There once was a woman known to all her friends as Snow White, now this was only because she only ever wore a huge fluffy wedding dress because she was a hopeless romantic. Not that it was very white any more because she worked for the Queen and the chemicals and bleach had made it mottled and grey, but she kept the name because she liked it. She eventually changed it by deed poll.
One day, she was speaking to the butler at the castle and he thought he only whispered but he said "Snow White, you're so much more beautiful than the Queen - Her fiancé is blind not to see that."
Unbeknownst to Snow White both the Queen and her fiancé heard and she asked him every night. Every time her renounced his love for her but every night she knew he was lying because he caught him one day looking up Snow White's dress.
So she hired a hit-man known only as "The Woodsman" because he used a special type of bullet with wooden splinters inside as calling card. His job was to kill Snow White.
The Woodsman took Snow White out on dates, befriended her - knowing his gruesome task. But while on a walk through the forests he got down on one knee and told her - "I love you Snowy, I was originally hired to kill you and to do that I was to get you to trust me. But I grew to like you, in fact, I love you - Will you marry me?"
Snow White was originally taken aback but said yes. They devised a plan to hide Snow White until he could assassinate the Queen. He took her into the forest and told her of an old cottage that was abandoned, he bought her food and blankets so she wouldn't die.
Snow White made her way to the cottage and let herself in with a key she was told underneath the doormat. She was very tired so she fell asleep immediately on the bed.
suddenly she was shaken and awoke to 7 faces staring at her. "Who are you?"
"We're the owners of this house you're in."
"Can I stay?"
"But I need to - The Queen wants me dead!"
The little men conferred and eventually told her she can cook and clean and mend our clothes while they work. "And we'll have £100 in rent a month too! We'll be home at 6pm and we'll get ready for dinner and expect it on the table."

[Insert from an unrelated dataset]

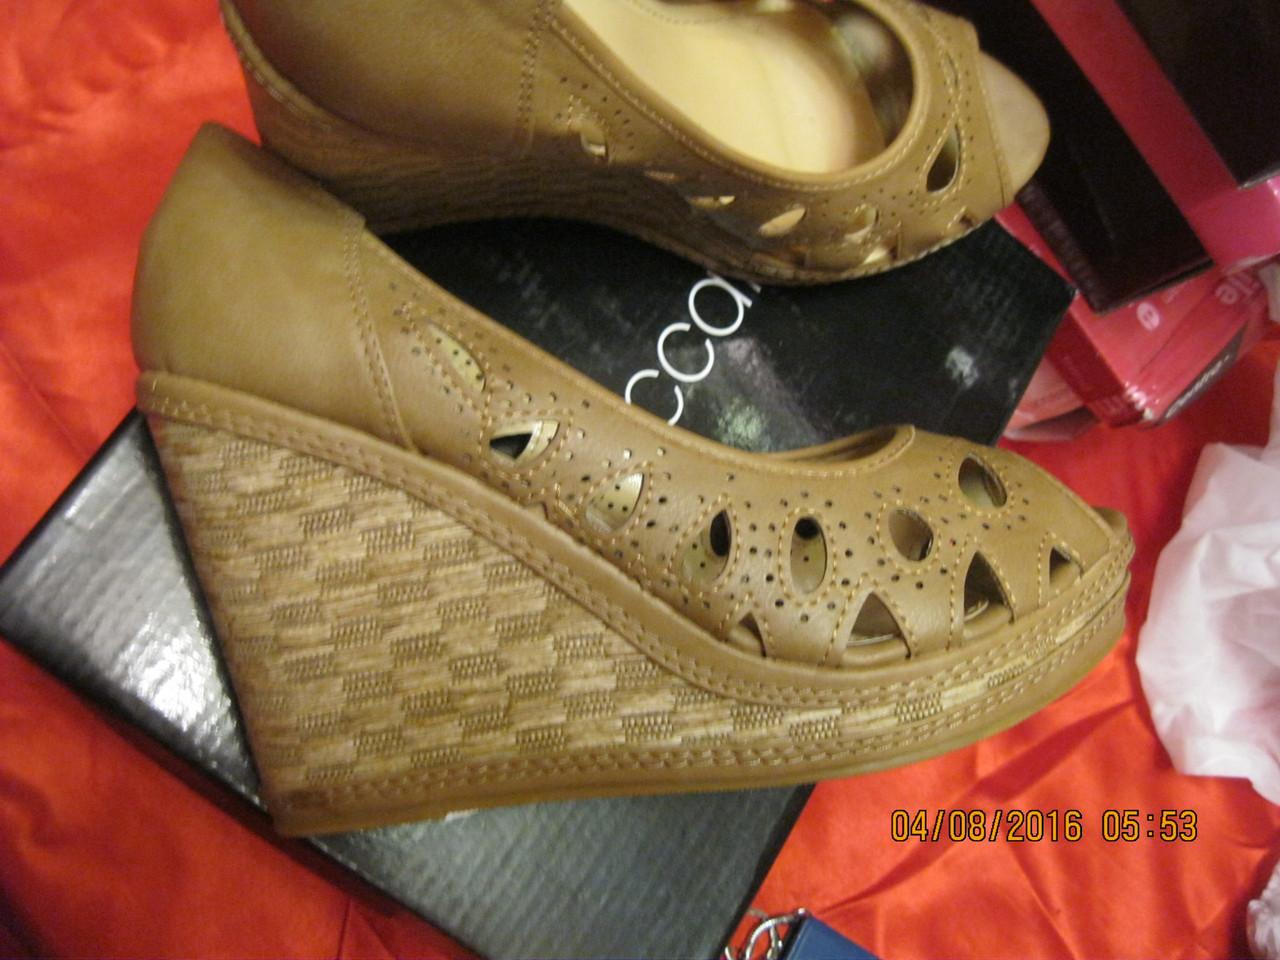 Туфли босоножки легкие женские T.Taccardi бежевые платформа 41р удобная модель

"Thank you. But you're all identical septuples - how will I tell you apart? I can't call you all midget."
"We aren't midgets!" said the one with glasses, "we're little people!"

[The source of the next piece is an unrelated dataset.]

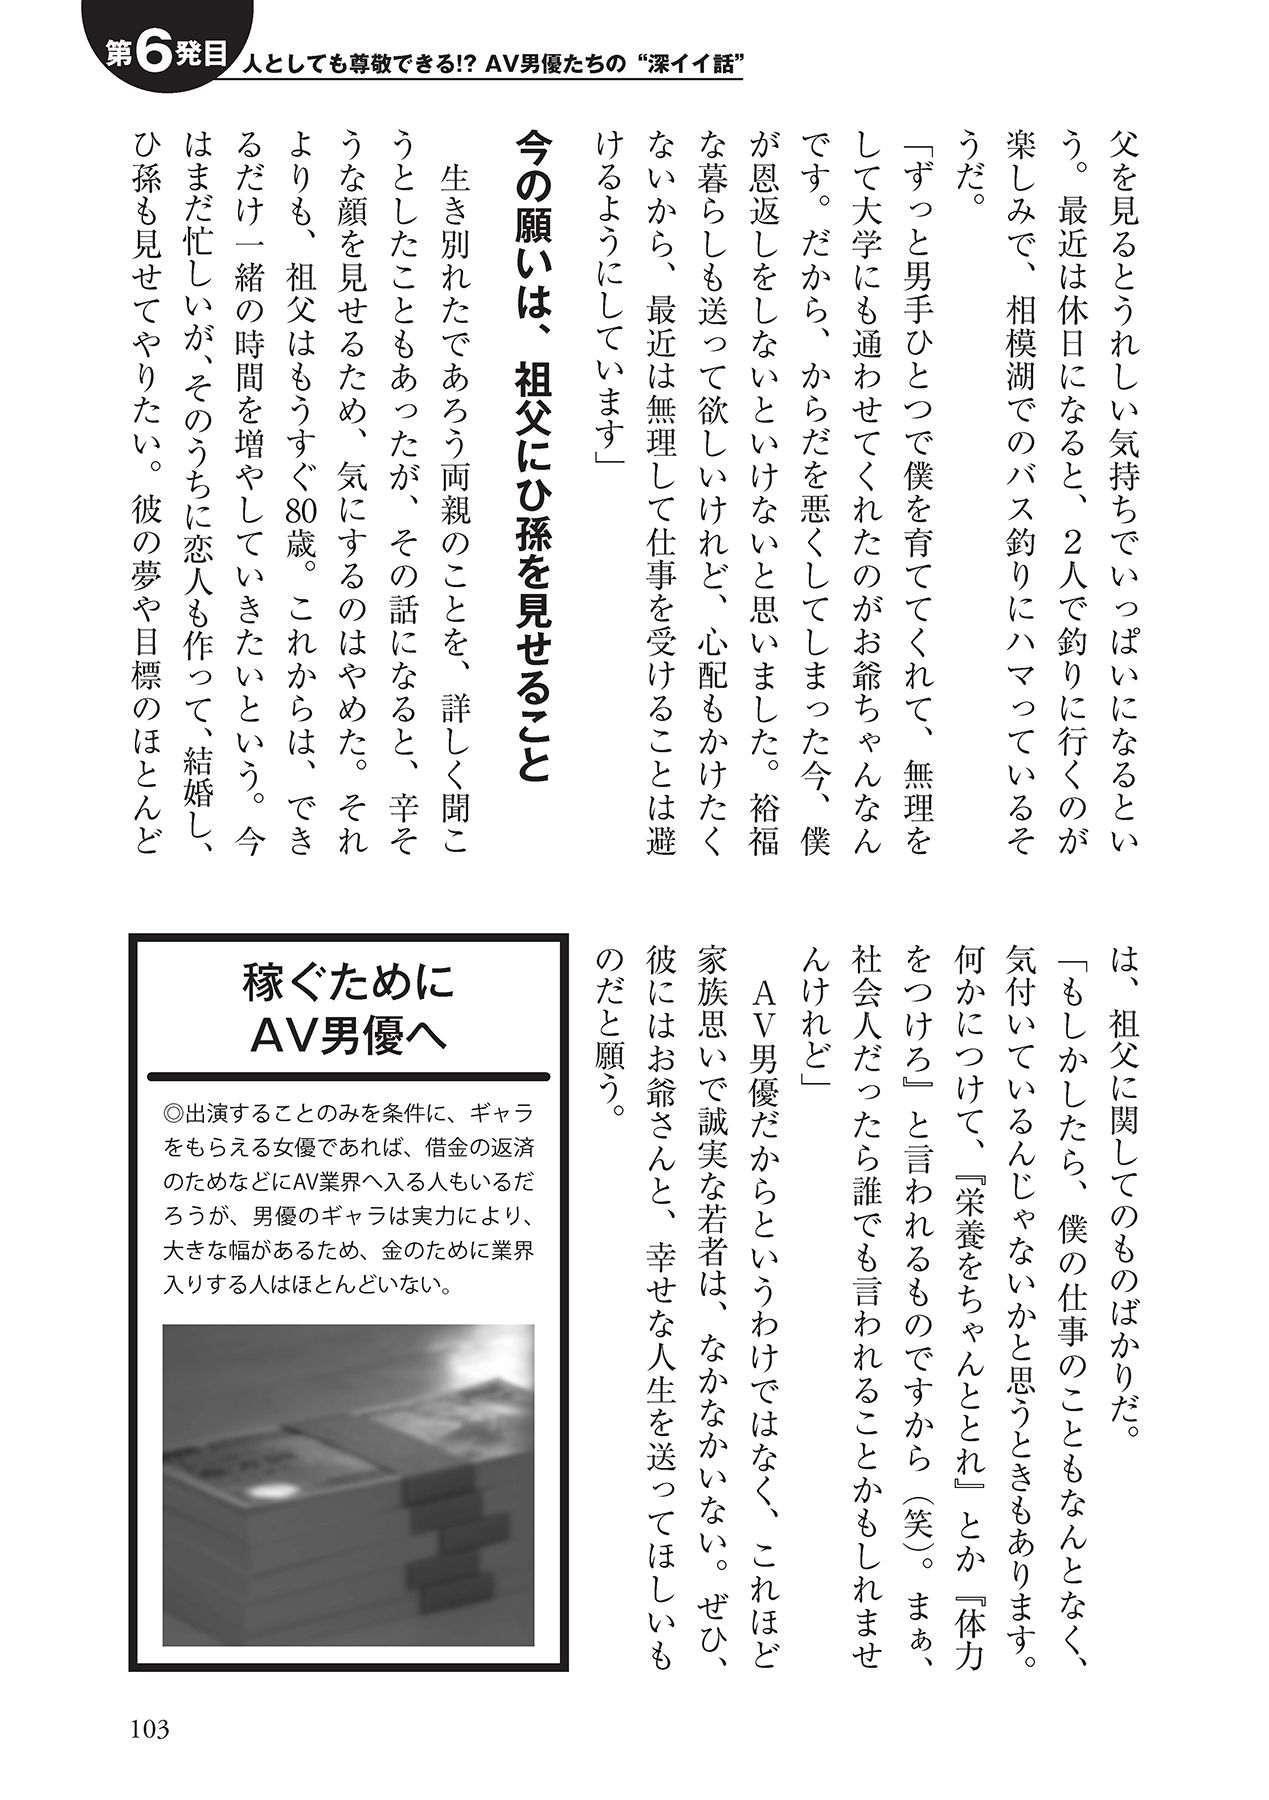 AV男優になろう! イラスト版 ヤリすぎッ! 102

"Well I'm Stephen, and I'm a doctor, so call me Steve the Doc." said the one in glasses.
"I'm Robert, and I have terrible hayfever, so if you want me just shout for Bob the Sneezy."
"Can I just use your nicknames? Like Doc and Sneezy?"
"Sure." Said Doc.
"Excuse me I'm the next oldest I should go next!- I'm George and..." He was cut off.
"He's a grumpy old bugger - just call him misery guts."
"Hey! I'm a - who cares? Just call me Grumpy."
"What was that?"
"Oh that's Kevin , he has such severe learning difficulties he can't speak - we all call him Dopey, mother specifically said Retard wasn't nice."
"My turn - I'm Dave, and erm, erm - You're pretty." He blushed bright red.
"He's is so bashful - you're lucky he even spoke let alone stuttered!" Grumpy said.
"I'll call him Bashful then."
"Suit yourself. We all called him Dave."
"Anyway I'm *yawn* zzzzzzzzzzzzz"
"he's Fred - he's narcoleptic, Just call him Sleepy."
"Hiya - wow you're so nice, the sky is so pretty - is that a double rainbow?"
"That's Victor - He's on some sort of anti-depressant pill and he's just Happy."
So - It's Doc, Sneezy, Grumpy, Sleepy, Dopey, Bashful and Happy."
"Yep. That's about it."
"I can remember those."
"Good - Now make us some dinner." Grumpy muttered.
Snow White cleaned and cooked, fixed clothes and paid her rent to the "little people".
Meanwhile, The Queen was delighted that Snow White was dead and married her philandering fiancé. The woodsman was visiting Snow White one day and saw all the men. He was so jealous he killed them all.
Snow White and he lived in the house together and had many children.